▶ [WORK TASK]:
Repeat exactly the lines of the entries below from the one with "New tetrahedral zinc" through the one with "6 STYLE MOVES THAT WORK FOR OFFICE", both ends included, and nothing else.

▶ [DATA LISTING]:
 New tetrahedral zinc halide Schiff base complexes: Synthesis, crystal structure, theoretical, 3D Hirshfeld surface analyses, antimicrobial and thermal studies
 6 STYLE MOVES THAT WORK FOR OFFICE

---

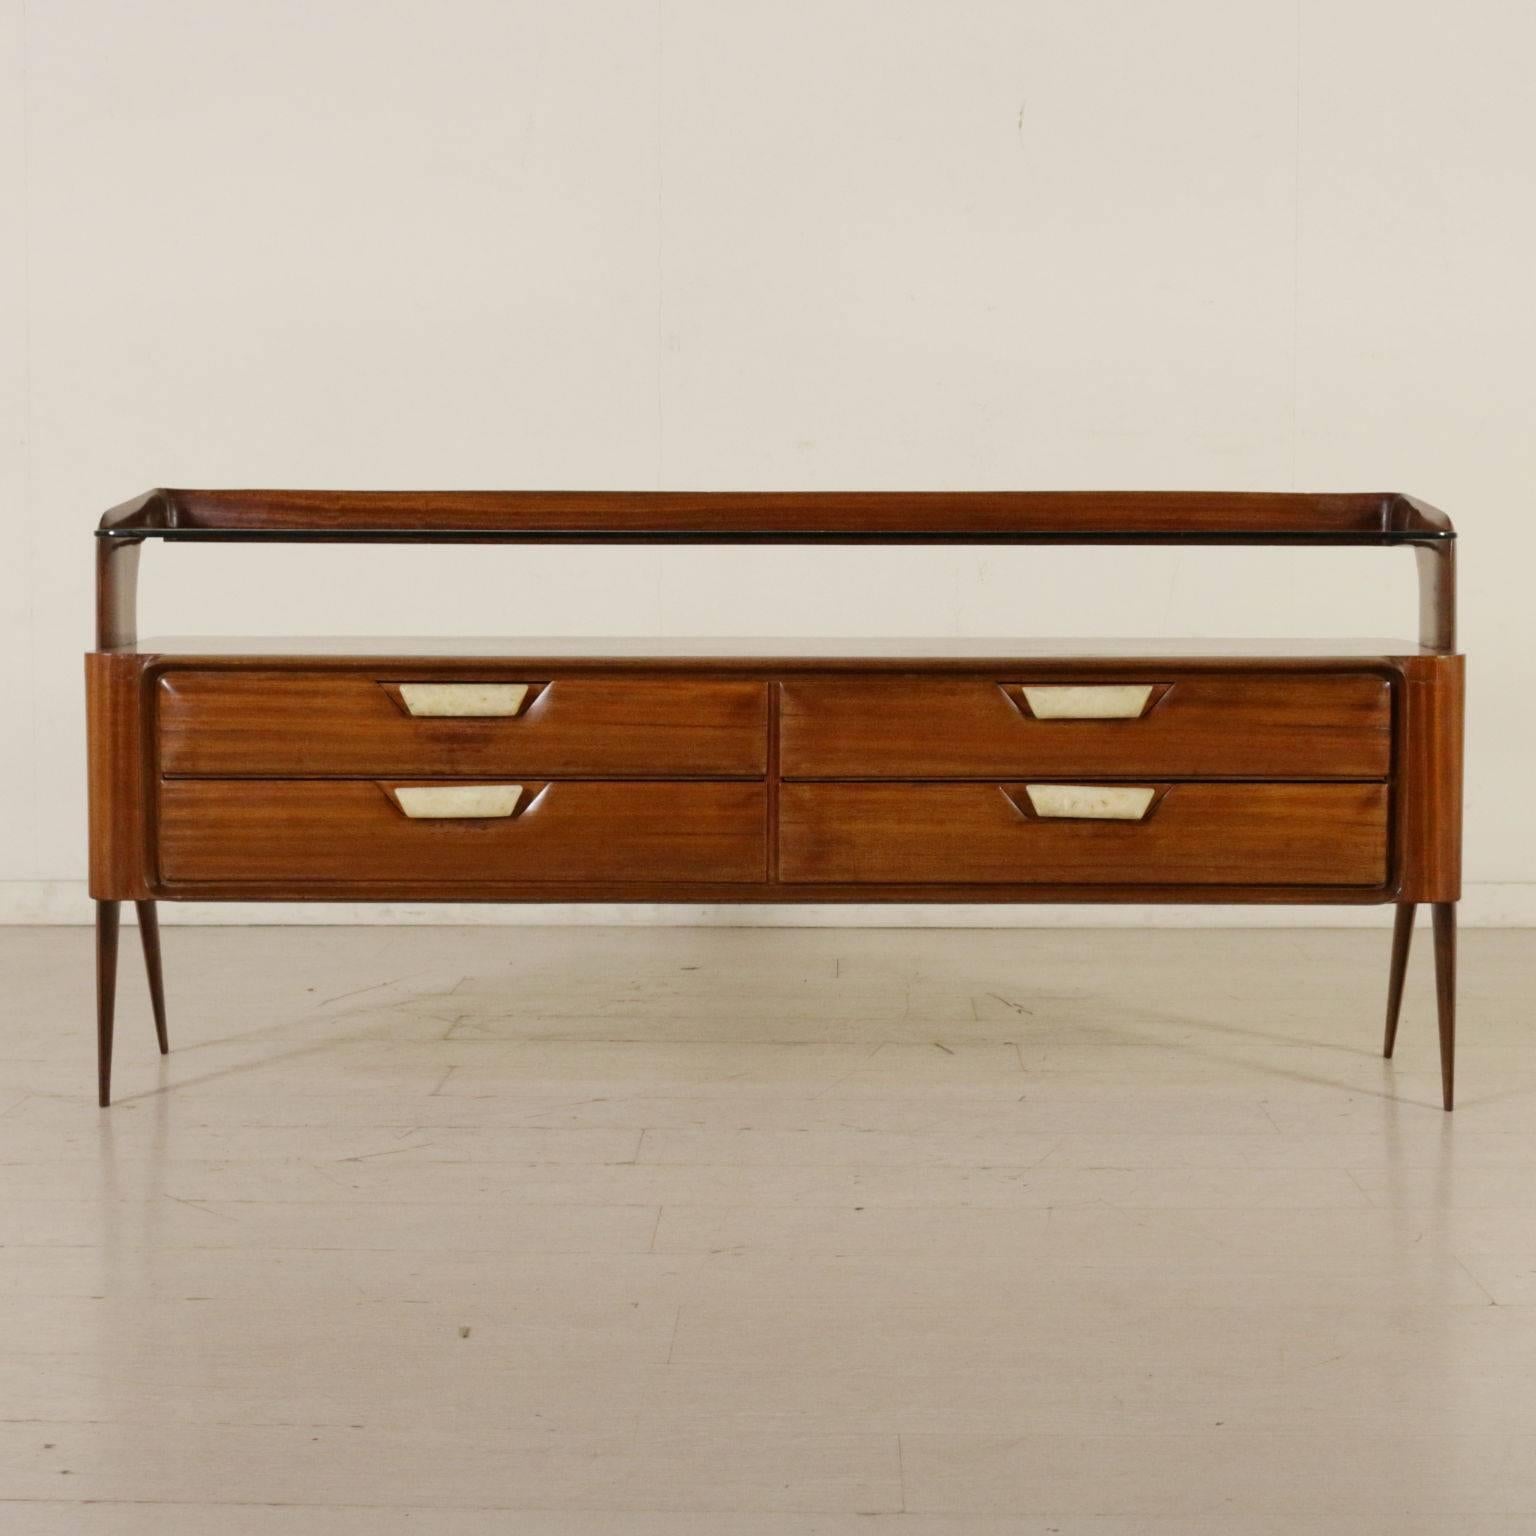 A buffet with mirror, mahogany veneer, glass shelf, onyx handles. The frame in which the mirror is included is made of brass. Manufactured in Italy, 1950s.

▶ [COMPLETED TASK]:
 New tetrahedral zinc halide Schiff base complexes: Synthesis, crystal structure, theoretical, 3D Hirshfeld surface analyses, antimicrobial and thermal studies
 6 STYLE MOVES THAT WORK FOR OFFICE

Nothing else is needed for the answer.